From an interpretation which included the three FBS experiments, a non-parametric Welch ANOVA (where variances were not assumed equal) was performed on all 46,120 probes to find a subset of genes whose expression varied significantly throughout the differentiation time course. A Benjamini and Hochberg False Discovery Rate multiple testing correction was applied to reduce the number of false positives. This yielded a set of 7,967 probes that showed statistically significant (p < 0.05) differences in expression by Welch t-test. This approach simplified running the data mining algorithms to find syn-expression patterns by removing genes such as housekeeping genes which did not display differential expression, or genes which did not reach a threshold of expression at any time points.

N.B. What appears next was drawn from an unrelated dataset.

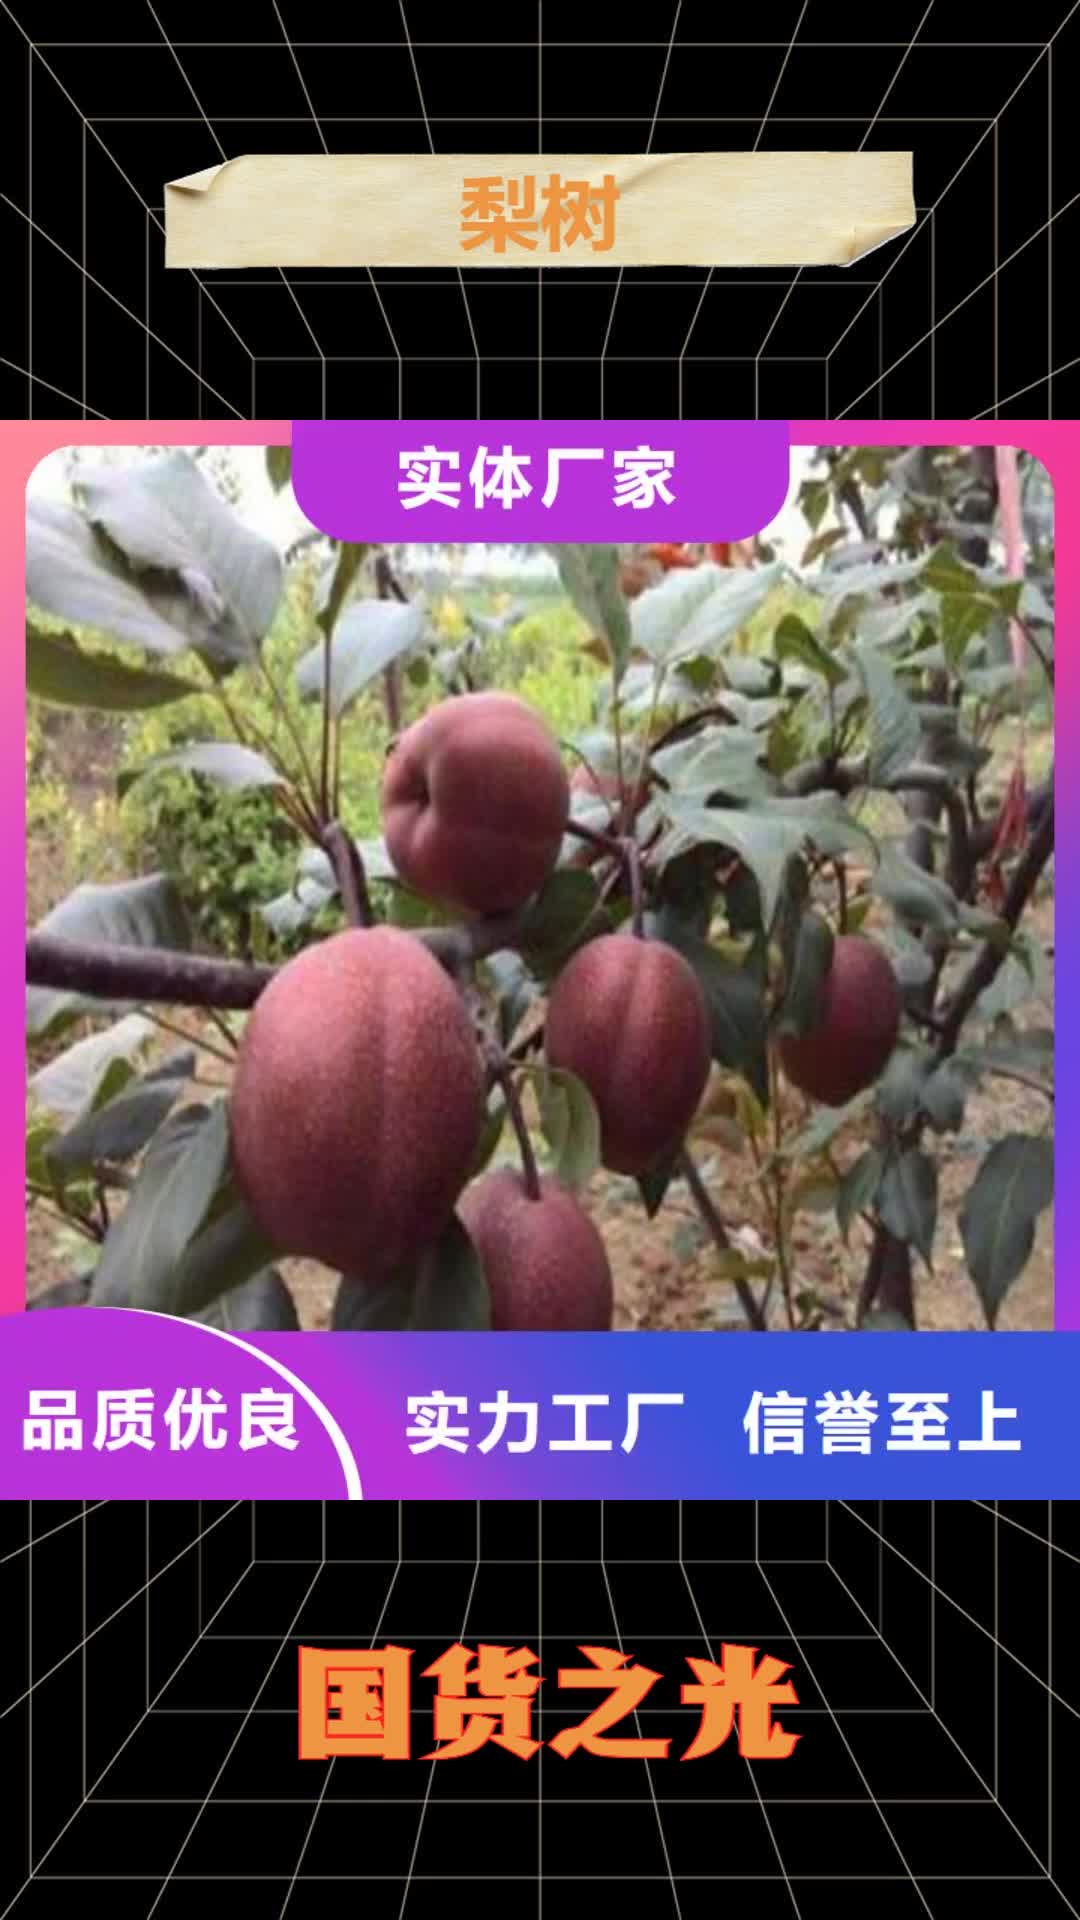 阜阳 梨树 【苹果苗】使用方法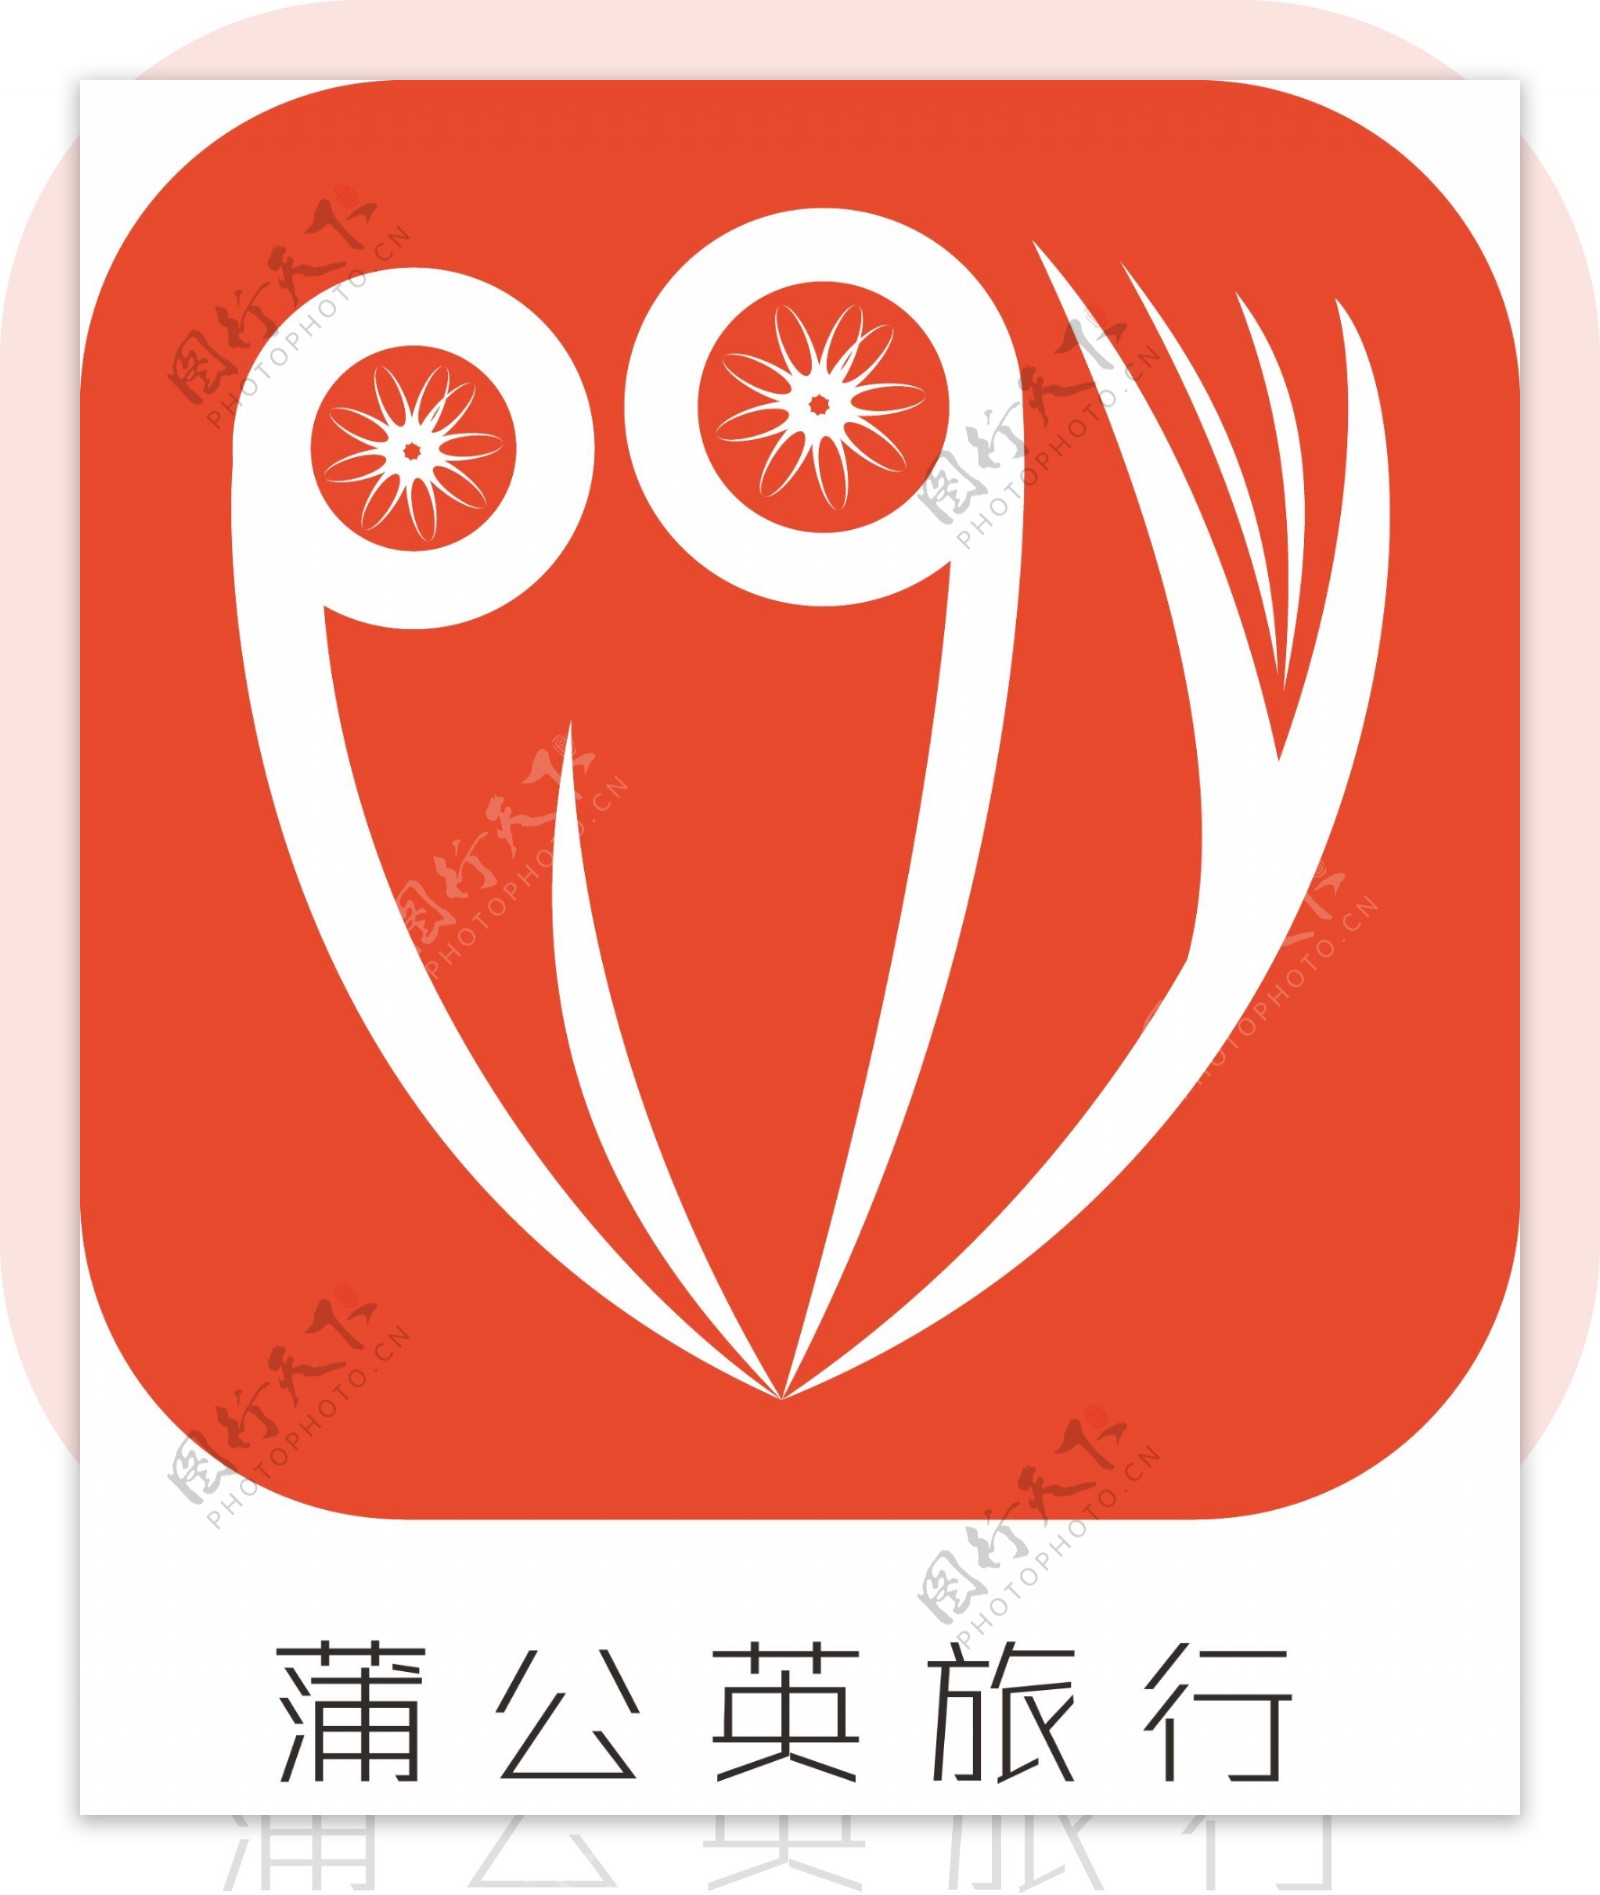 蒲公英旅行图标logo设计

Genome interpretations were generated in GeneSpring GXv7.3.1 (Agilent) in which the mean relative expression level for each gene was represented at each time point relative to the average of all time points. A number of statistical approaches were used to find syn-expression patterns. A Pearson correlation (between 0.9 and 1.0) was performed to find genes with similar expression profiles to Pouf1/Oct4, nanog, sox2, fgf5, wnt5 and brachyury. Hierarchical clustering was performed using the gene by gene and group by group 'tree' algorithm within the GeneSpring (Agilent) program. This compares each probe with every other in the lists to generate similarity statistics and a tree representation of similarity based on a Pearson correlation. Also, quality threshold (QT) clustering [92] was used to define distinct subsets of co-expressed genes. The entire data set for the experiments is available via GEO as well as via our instance of Genespring (contact corresponding author).

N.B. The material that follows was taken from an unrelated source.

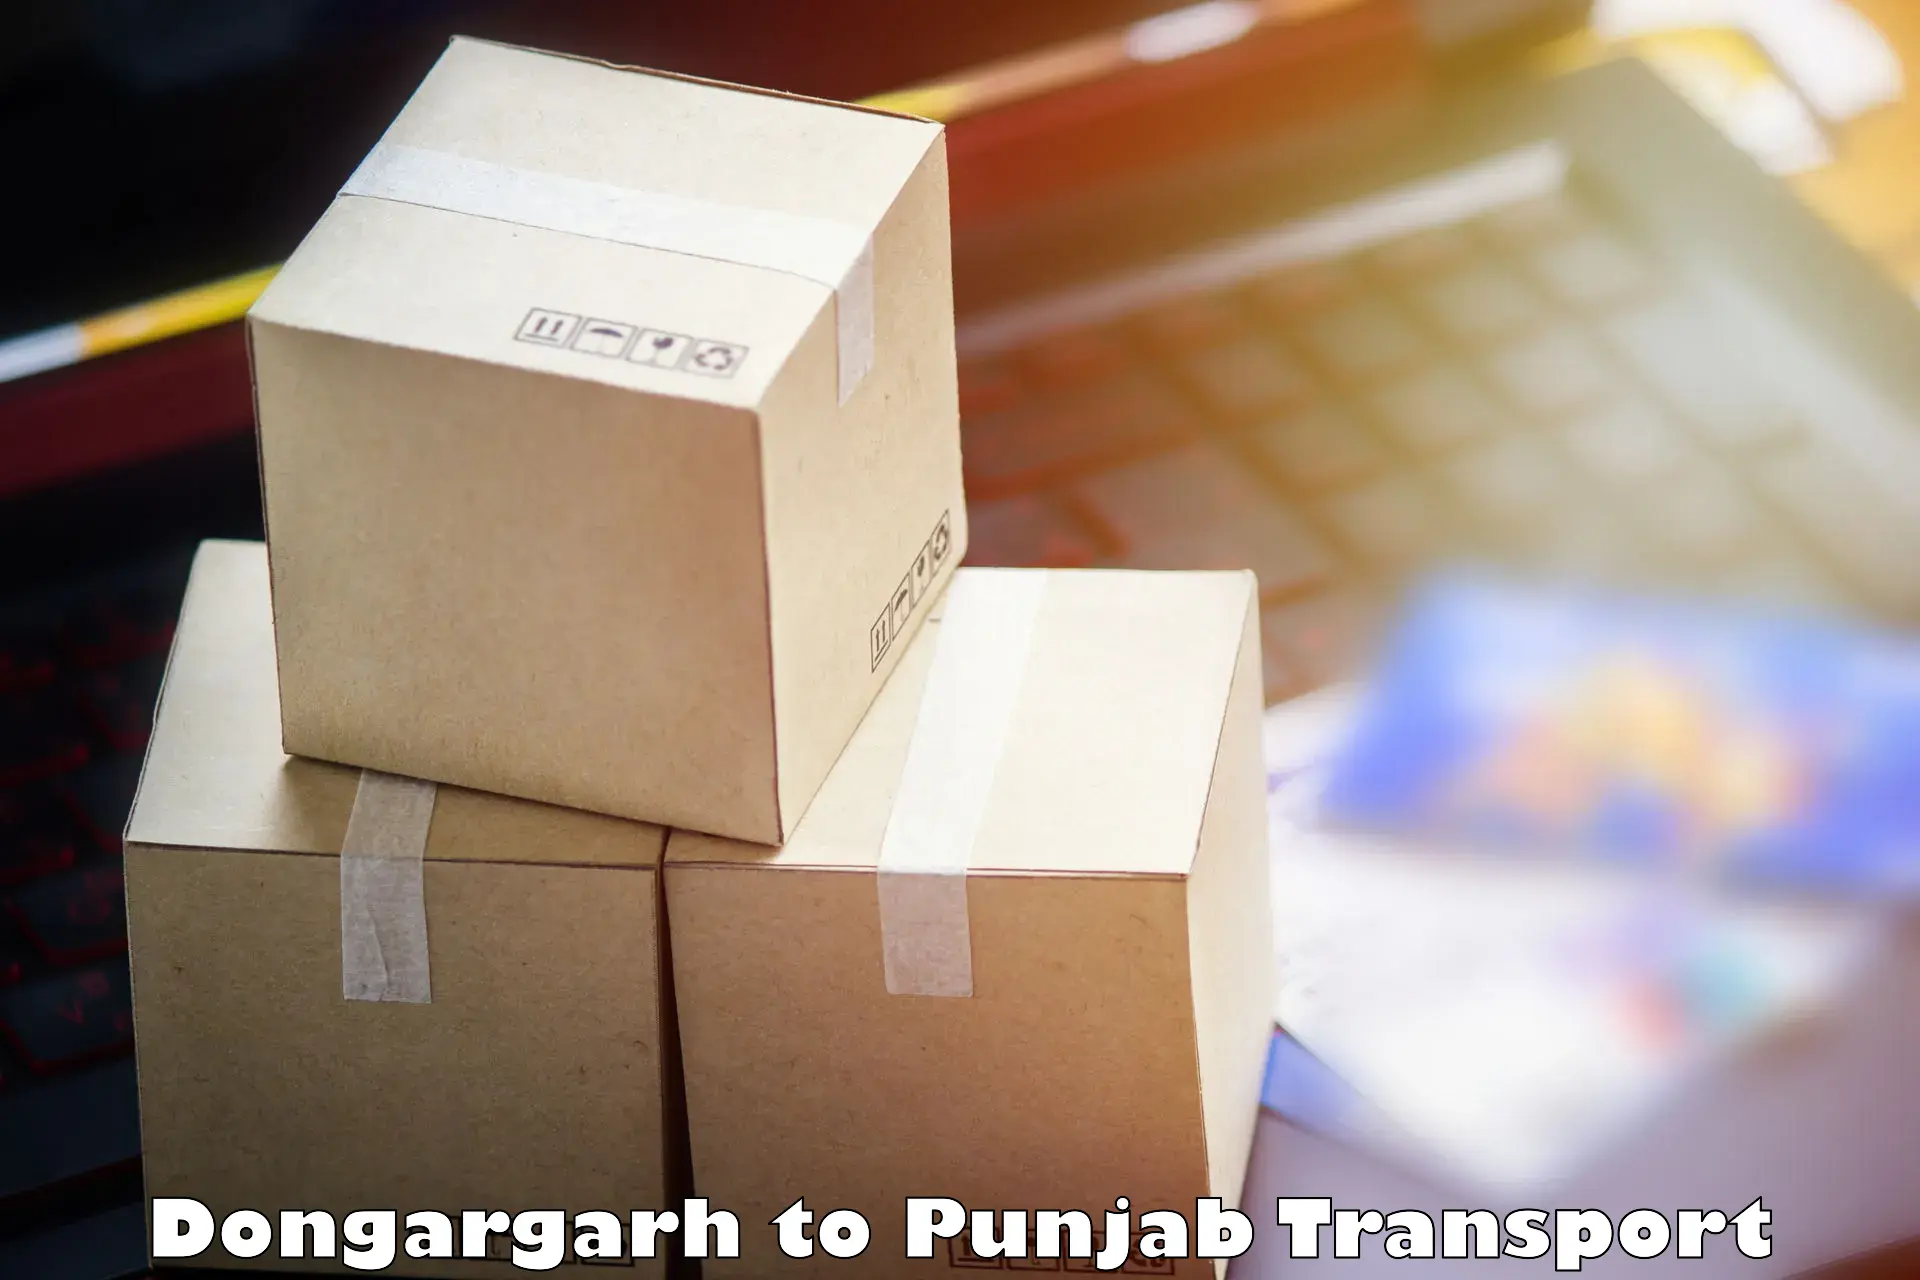 Transportation solution services Dongargarh to Dinanagar

Electro-mobility gel shift assays (EMSA)

Nuclear extracts were made from undifferentiated ES cells and embryoid bodies grown for four days in 10% serum. Electromobility gel shift assays (EMSA) were performed as previously described [61] using double stranded oligonucleotide probes corresponding to an extended CACC site in the p18INK4c promoter (sense strand 5'-gttgggcggggcgtgggcggggcc-3') (Tallack, et al., submitted). Supershifts were performed with specific antibodies raised against SP1 (Santa Cruz SC-059x), SP3 (Santa Cruz SC-644x), KLF2 (Santa Cruz SC-28675), KLF3 [52] and KLF4 (Santa Cruz SC-12538x).

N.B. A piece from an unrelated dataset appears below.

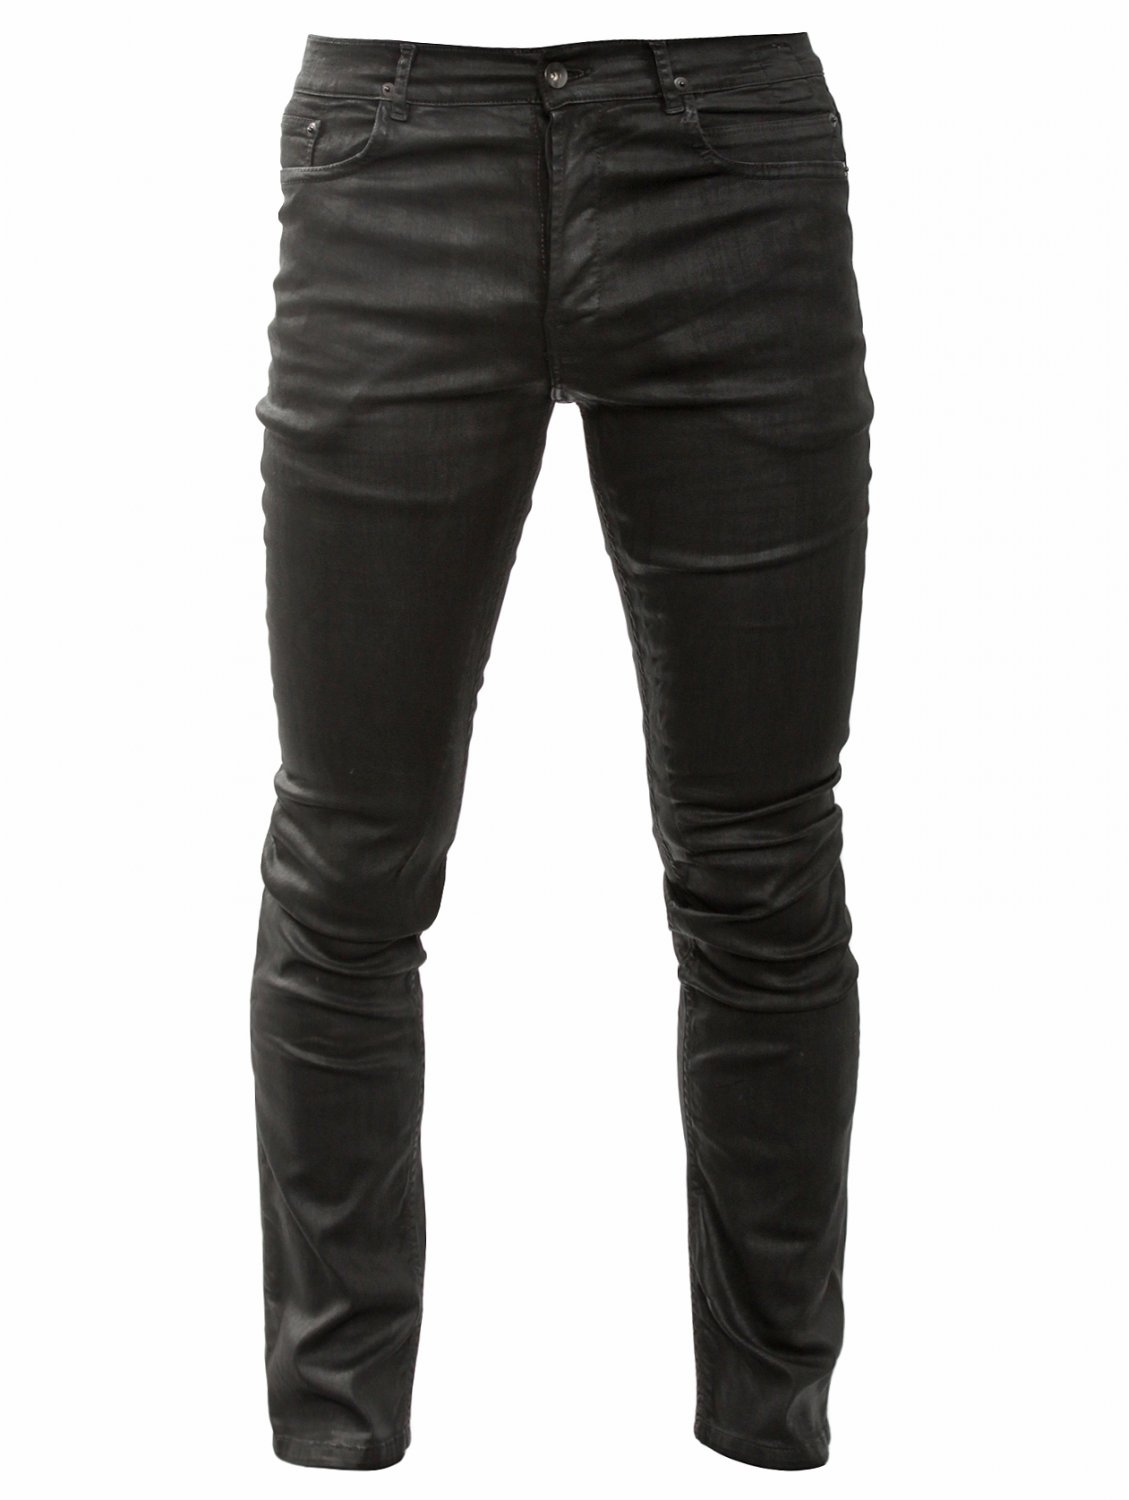 Rick Owens Drkshdw Berlin Cut Wax Jeans in Black for Men - Lyst

Bioinformatic searches for CACC sites and other over represented elements in promoters of stem cell genes

The data-mining tool Biomart (accessed via Ensembl release 36 of the mouse genome), was used to collate 2 kb of sequences upstream of the transcriptional start sites (TSSs) of all genes listed in Table 1. The Clover program, run via the MotifViz web interface [59], was used to search for over-representation of position weighted matrices (PWMs) for octamer [93], Oct4 [60], Oct-Sox [60], KLF4 [54], E-box, GATA-1 [94] and CACC (KLF-A) elements in these promoter sets. The PWMs are listed in Additional file 7. The ECR Browser [95] was used to determine phylogenetic conservation of cis elements between mouse, rat and human genomes.